In today’s world, the concept of “coaches” has really grown. Now, we not only have coaches for sports, but we have business coaches, relationship coaches, life coaches, and so on. (if you don’t know what I’m talking about, just Google life coaches and you’ll see what I mean)

I like to think of catechists as “faith coaches.” I used this term last night when I spent the evening with the 6th grade families at St. Julian Eymard in Elk Grove Village. The DRE made a plug for one more 6th grade catechist and she encouraged the dads who were present to consider serving as a catechist. As I began my presentation, I added a plug, telling the folks that I was an 8th grade catechist and making the following comment to the dads: “I think a lot of us guys are more comfortable volunteering for coaching positions. We feel confident coaching sports: baseball, football, basketball. Well, I like to think of catechists as “faith coaches!” We are training our young people to learn the art of living as disciples of Jesus. We are teaching skills and concepts for a way of life. So I encourage you to consider this invitation…these kids need you.”

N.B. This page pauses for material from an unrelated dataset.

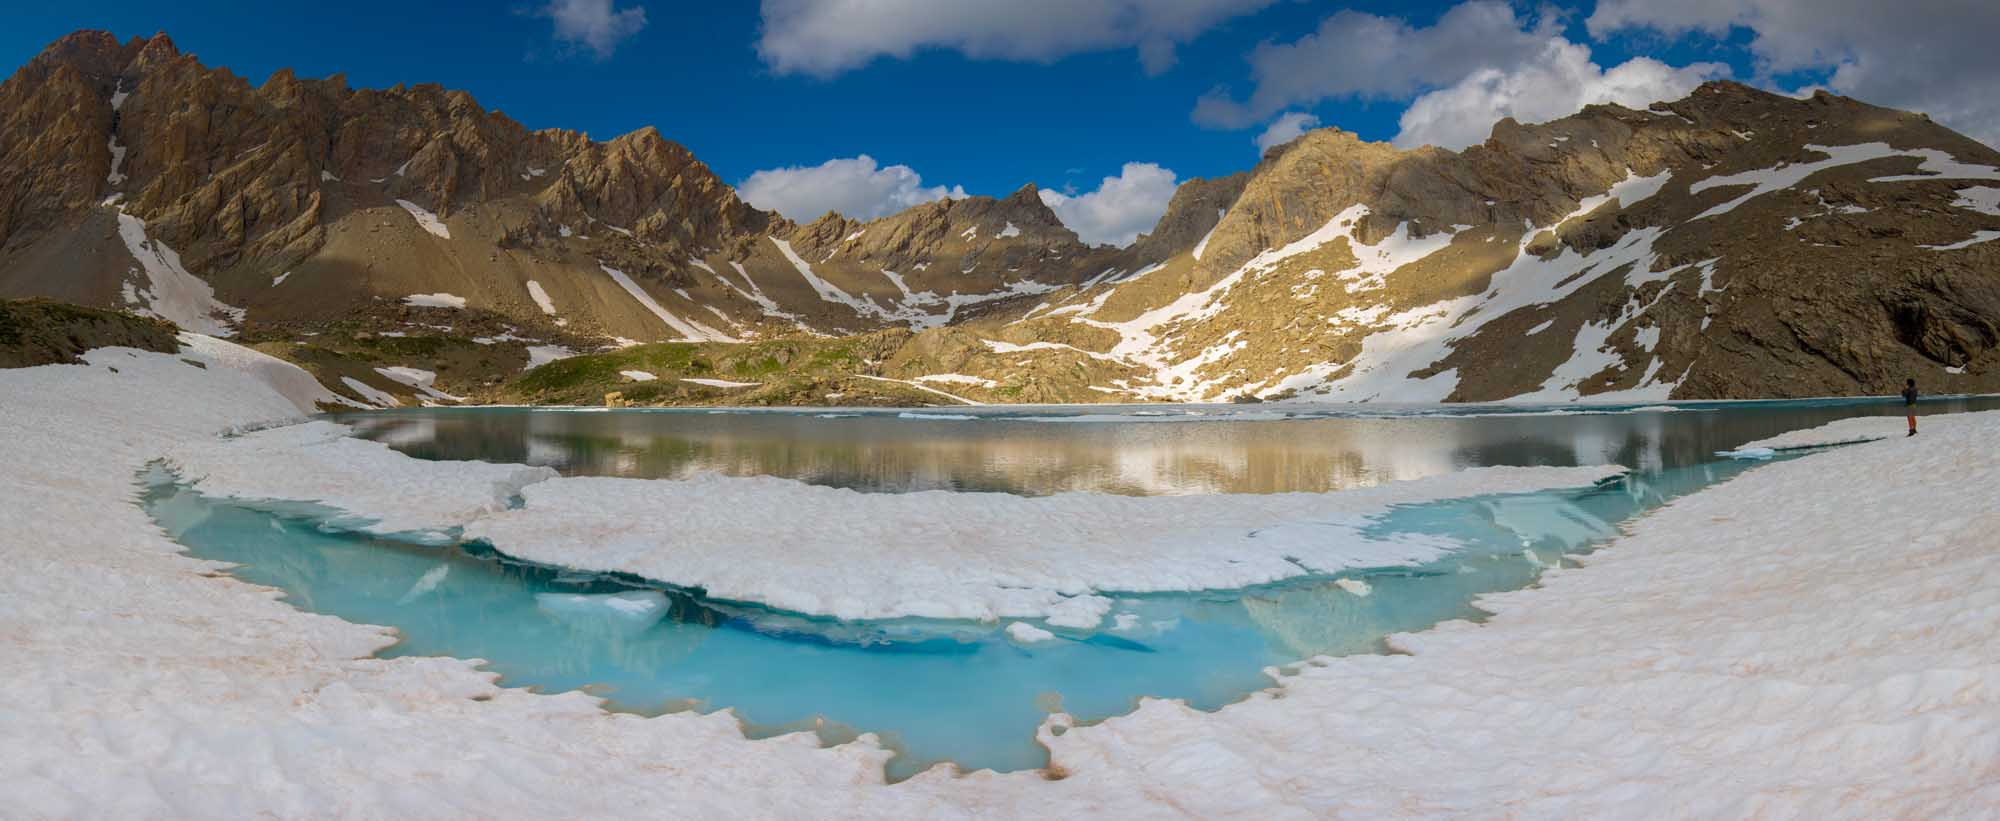 Untitled_Panorama4 (2).jpg

I’m not sure what kind of response the DRE got but I know that a number of the parents and especially the dads appeared to be listening intently as I shared this comparison. Perhaps it was a new way of thinking about the concept of serving as a catechist that shifted the emphasis from nurturing to empowering.

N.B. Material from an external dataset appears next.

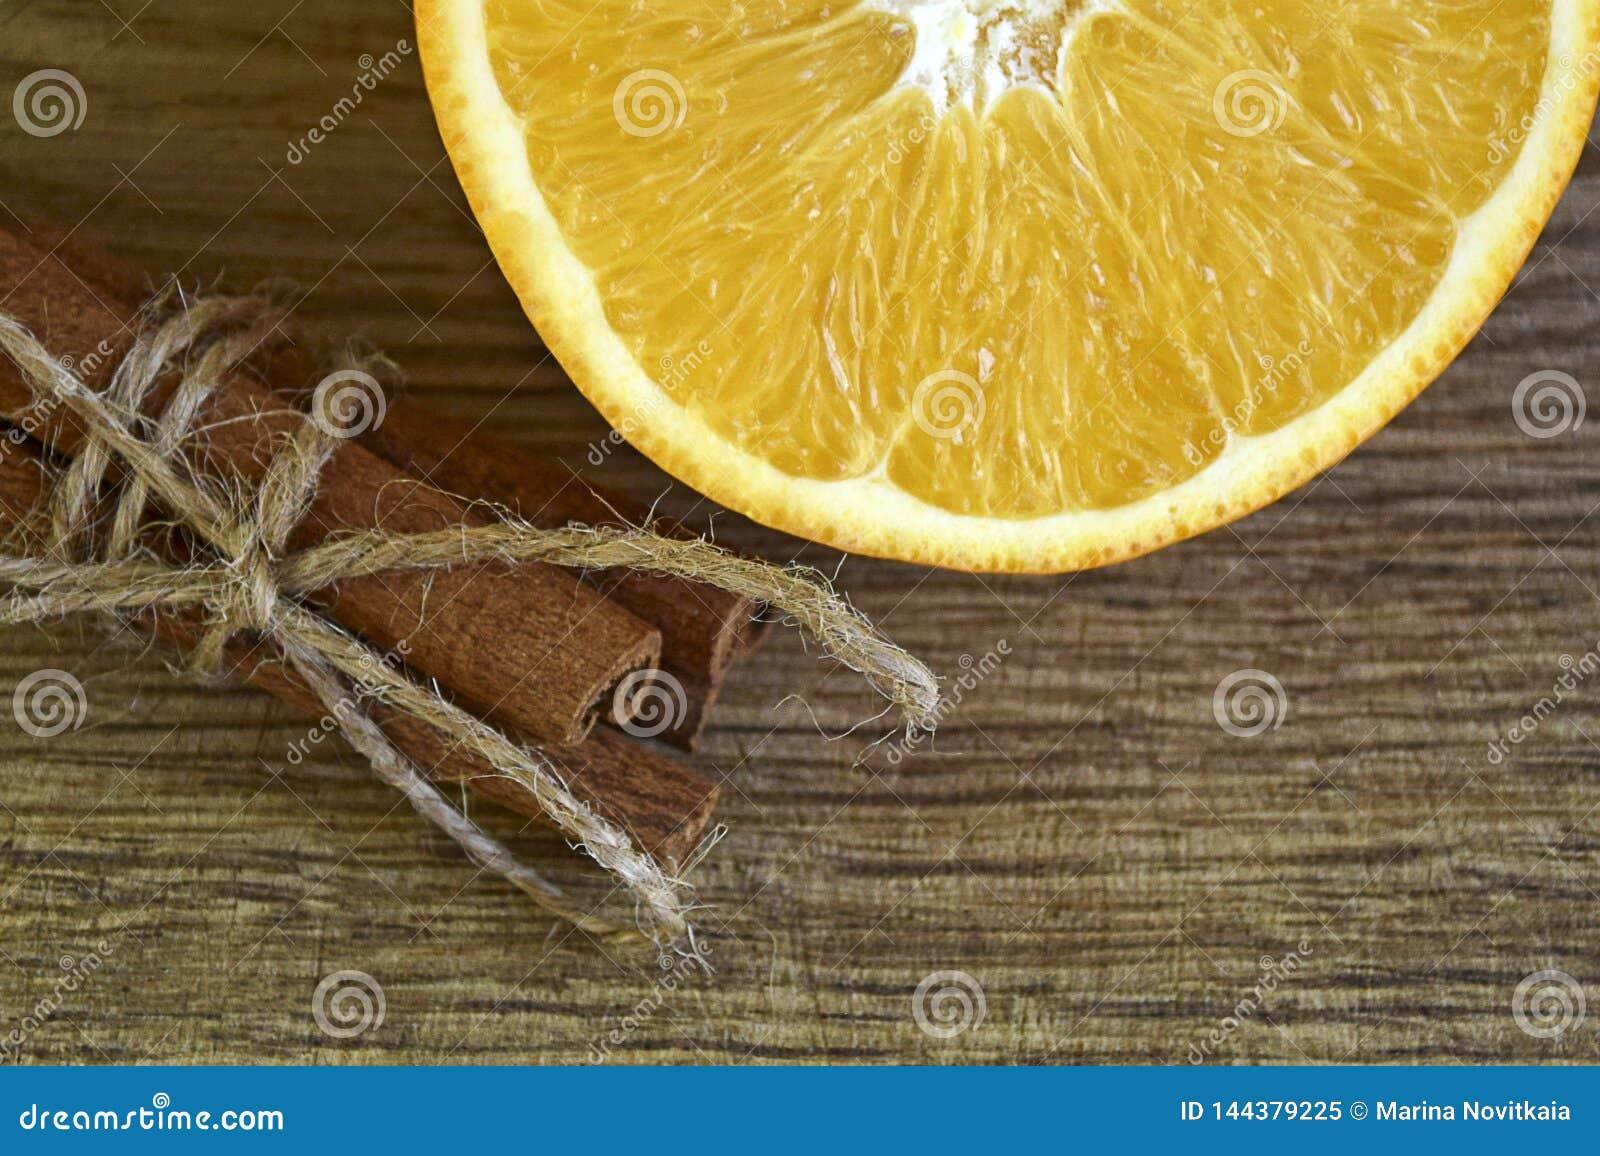 Gesneden verse sinaasappel en pijpjes kaneel

The term coach originally was used solely to refer to a carriage: a buggy that carried people…a form of transport. In 18th century England, specifically at Oxford University, the word coarch came to be used as a slang  term to refer to someone who “carried” students through exams. As catechists, we “carry” those we teach through the challenges of life which test one’s faith. Let us pray that we “carry” well!

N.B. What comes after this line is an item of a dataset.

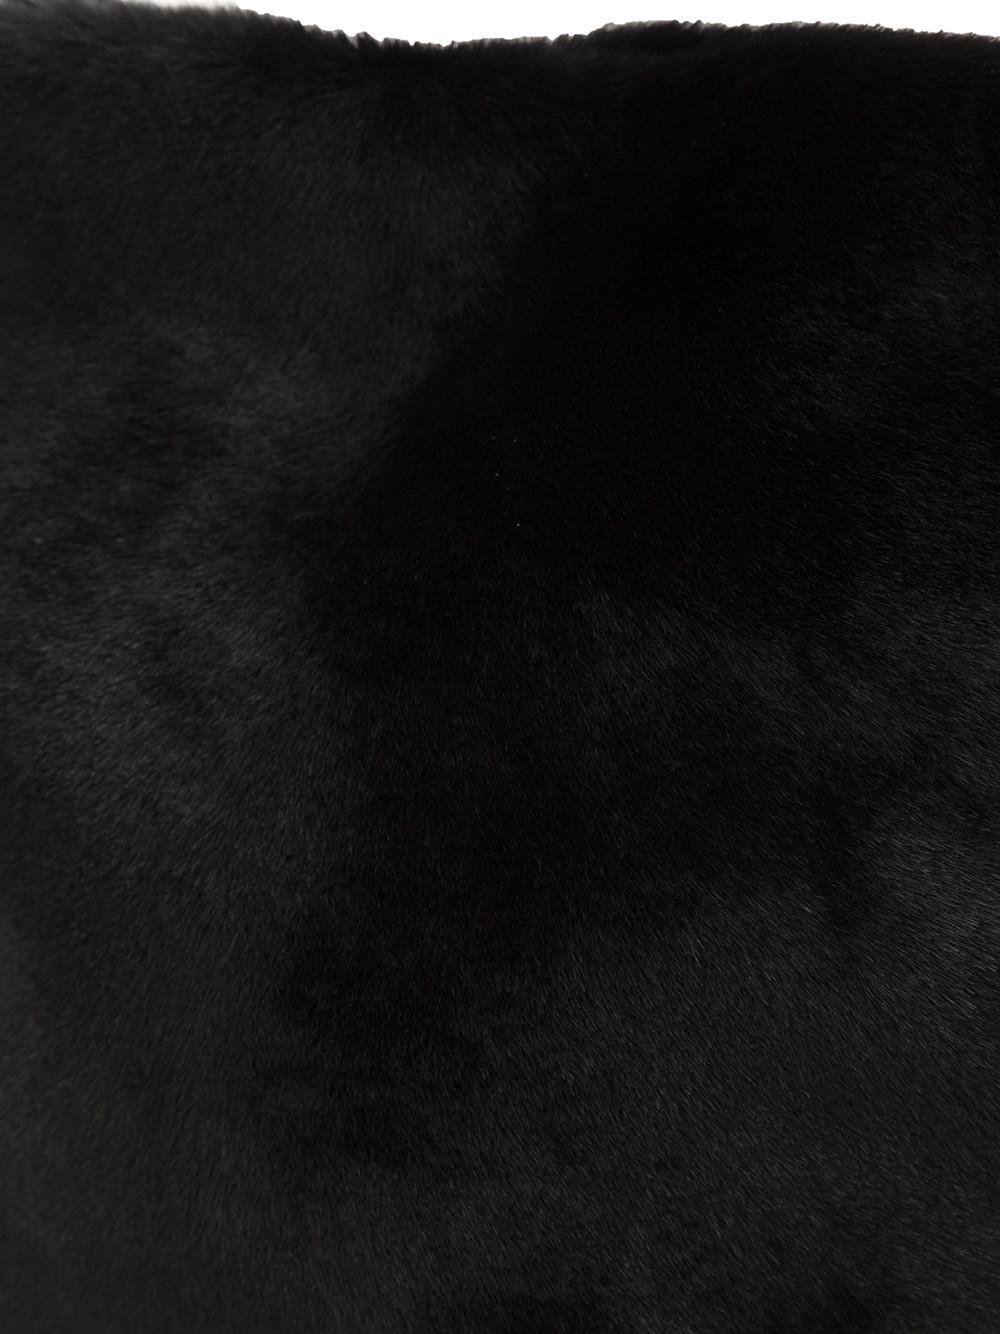 Ann Demeulemeester Nebula Small Leather Bag in Black

About Joe Paprocki 2648 Articles
Joe Paprocki, DMin, is National Consultant for Faith Formation at Loyola Press, where, in addition to his traveling/speaking responsibilities, he works on the development team for faith formation curriculum resources including Finding God: Our Response to God’s Gifts and God’s Gift: Reconciliation and Eucharist. Joe has more than 35 years of experience in ministry and has presented keynotes, presentations, and workshops in more than 100 dioceses in North America. Joe is a frequent presenter at national conferences including the Los Angeles Religious Education Congress, the Mid-Atlantic Congress, and the National Conference for Catechetical Leadership. He is the author of numerous books, including the best seller The Catechist’s Toolbox, A Church on the Move, Under the Influence of Jesus, and Called to Be Catholic—a bilingual, foundational supplemental program that helps young people know their faith and grow in their relationship with God. Joe is also the series editor for the Effective Catechetical Leader and blogs about his experiences in faith formation at www.catechistsjourney.com.

3 Comments on Catechists As Faith Coaches

  1. Joe,

    I could not agree more! I love to teach and pray with my class as a coach. I also like having an impact on the young men saying we can pray together and afterwards we can toss the football around! Step up Guys!

    Joe D.

  2. Joe,

    I am CRE for our church. I will certainly use this the “coach” approach in recruiting new catechists. Ironically, my newest catechist is a baseball coach. I love the enthusiasm and love for kids he brings with him. He also considered becoming a priest before God chose a different path for him. I am so glad the Holy Spirit finally called him into our program. The kids look at him with awe and respect. What a wonderful role model of faith he will be! Thank you Lord for telling me I had to speak to the congregation. Thank you for putting the words in my mouth and opening ears. Thank you Joe for giving me more ideas for our program!

    Blessings
    Bonnie

  3. Bonnie, thanks for sharing your wonderful news! Cool story about recruiting a baseball coach to be a catechist…in many ways, his coaching experience will benefit him as a catechist! Best wishes and keep in touch.